As it stands, I still love the watch as it's quality of finish is the best of any watch I own. However, the timekeeping is really starting to irritate me and I may consider off-loading it soon as there are other fantastic watches out there that can tell the time fairly accurately. :-s At the end of the day a watch is more than a piece of jewellery and it still needs to perform what it was designed to do: tell the time.


----------



## Hary

Hary said:


> Got my BP back yesterday after being regulated by Richemont Singapore. It took them only couple of hours to regulate it. After 24hrs. the accuracy has improved, instead of +15 sec/day, now +10 sec/day, still far from my expectation. However I will monitor it over the next few days


I let it run for 5.5 days in one position, from full power reserve. The result is +10.3sec/day. Still far from satisfactory, but I will wear it in the next few days to monitor it again.


----------



## rnguy001

*Oh good's it' NOT just me*

Love my 5004, but it definitely runs fast. Definitely for me related to how much power reserve's left

after about a week i'm about 5-7 minutes fast. GASP! 
probably gonna send it in before the warranty runs out next Jan..

Rich


----------



## Driver.8

*Re: Oh good's it' NOT just me*



rnguy001 said:


> Love my 5004, but it definitely runs fast. Definitely for me related to how much power reserve's left
> 
> after about a week i'm about 5-7 minutes fast. GASP!
> probably gonna send it in before the warranty runs out next Jan..
> 
> Rich


That's an isochronism issue you have there. IWC should be able to fix it for you, but if mine is anything to go by, they won't be able to.


----------



## Hary

Hary said:


> I let it run for 5.5 days in one position, from full power reserve. The result is +10.3sec/day. Still far from satisfactory, but I will wear it in the next few days to monitor it again.

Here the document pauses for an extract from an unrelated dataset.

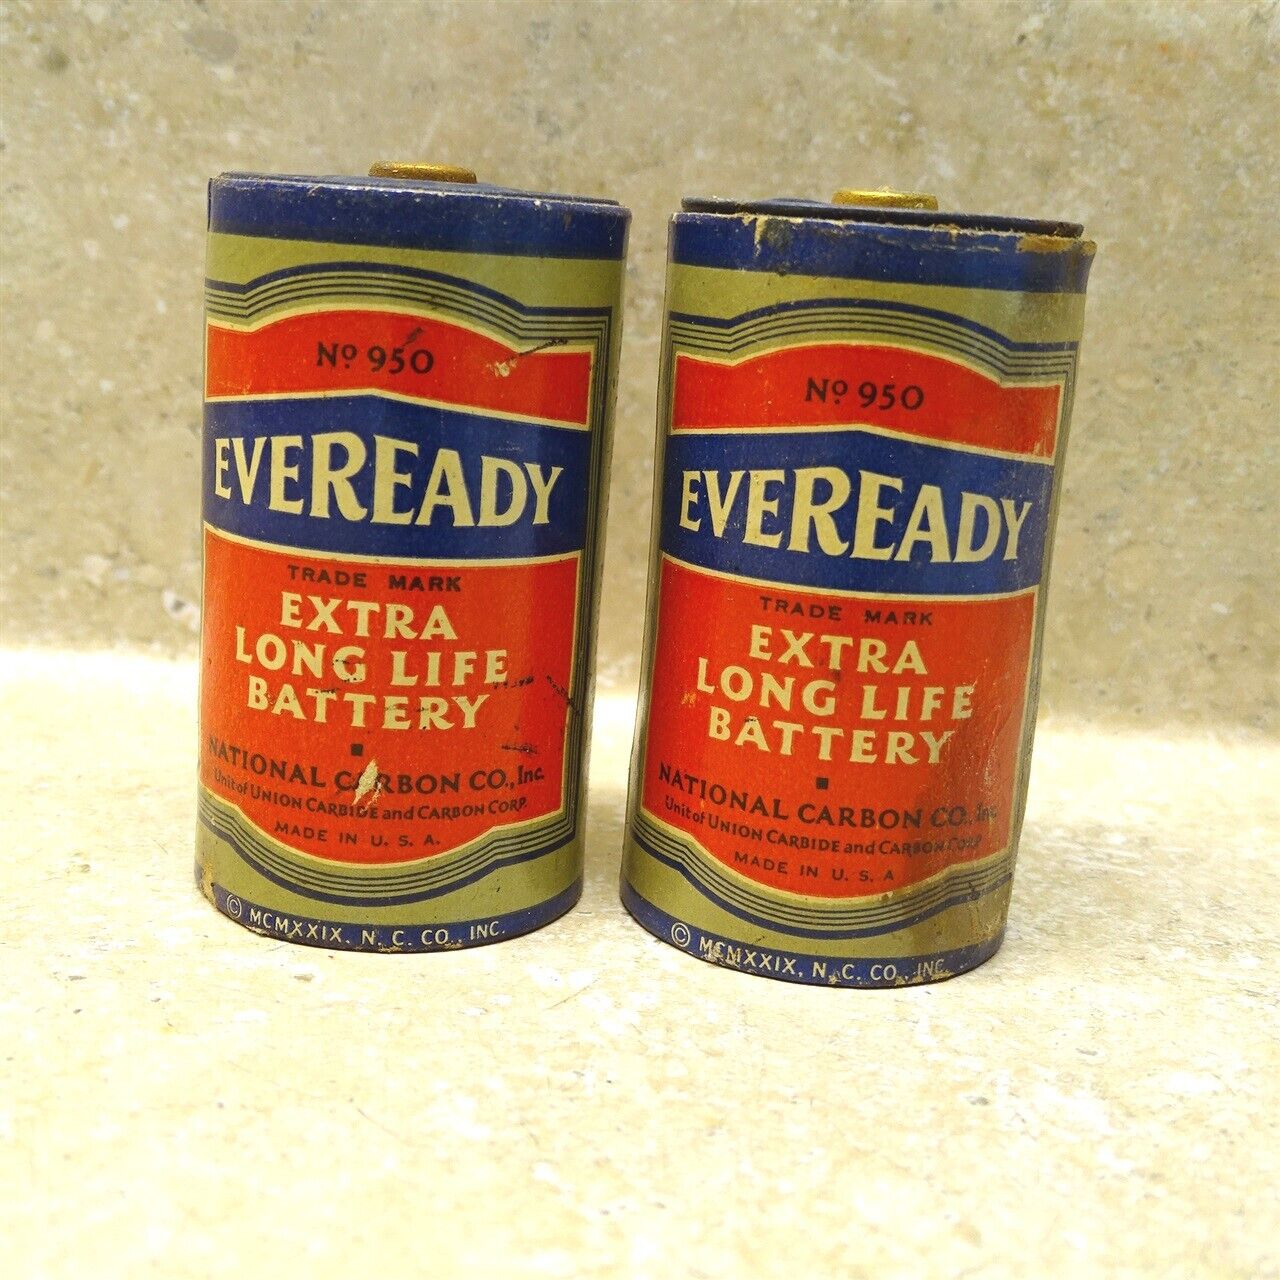 Vintage Eveready Extra Long Life Battery Pair (2) No. 950, MAR. 1933 #2
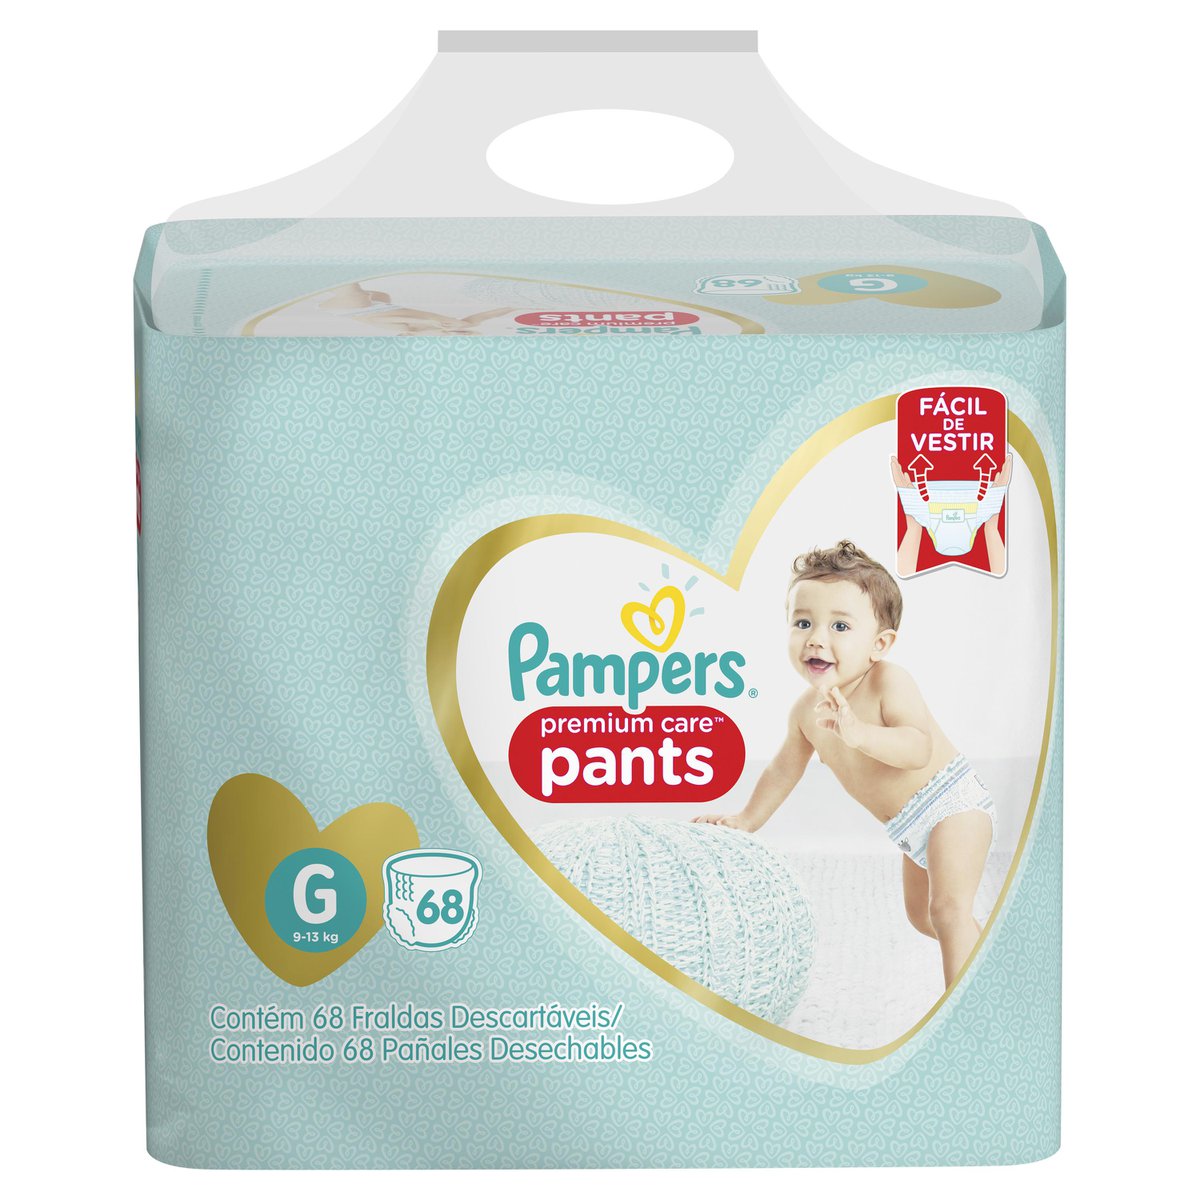 Pampers Premium Care Pants 32 Pack Diapers,IDN Import MADE IN JAPAN SZ  Small New | eBay

I let it run until it stops (7.5 days), the result of the accuracy got worse in the last 2 days of its remaining power reserve. Overall, it still runs fast +12sec/day, slight improvement after being tweaked by Richemont. Before the warranty expires, I will bring it there again for another adjustment


----------



## jm111

*Wow, this is a great thread...*

I am seriously considering a 5001 as my next purchase (also considering a couple of other brands), but now I'm a little concerned. I don't expect a mechanical watch to be near perfect, and I also expect there to be some bad apples in a bunch that may need warranty repair before running to the level it should, but these replies are definitely a little concerning for a watch of this caliber and price point. I had only heard glowing reviews of this watch, and wasn't aware of potential timekeeping issues on the 5001. I'll have to keep tabs on this or maybe keep considering some of the other IWC's without the 7-day reserve, as there are others that I also like.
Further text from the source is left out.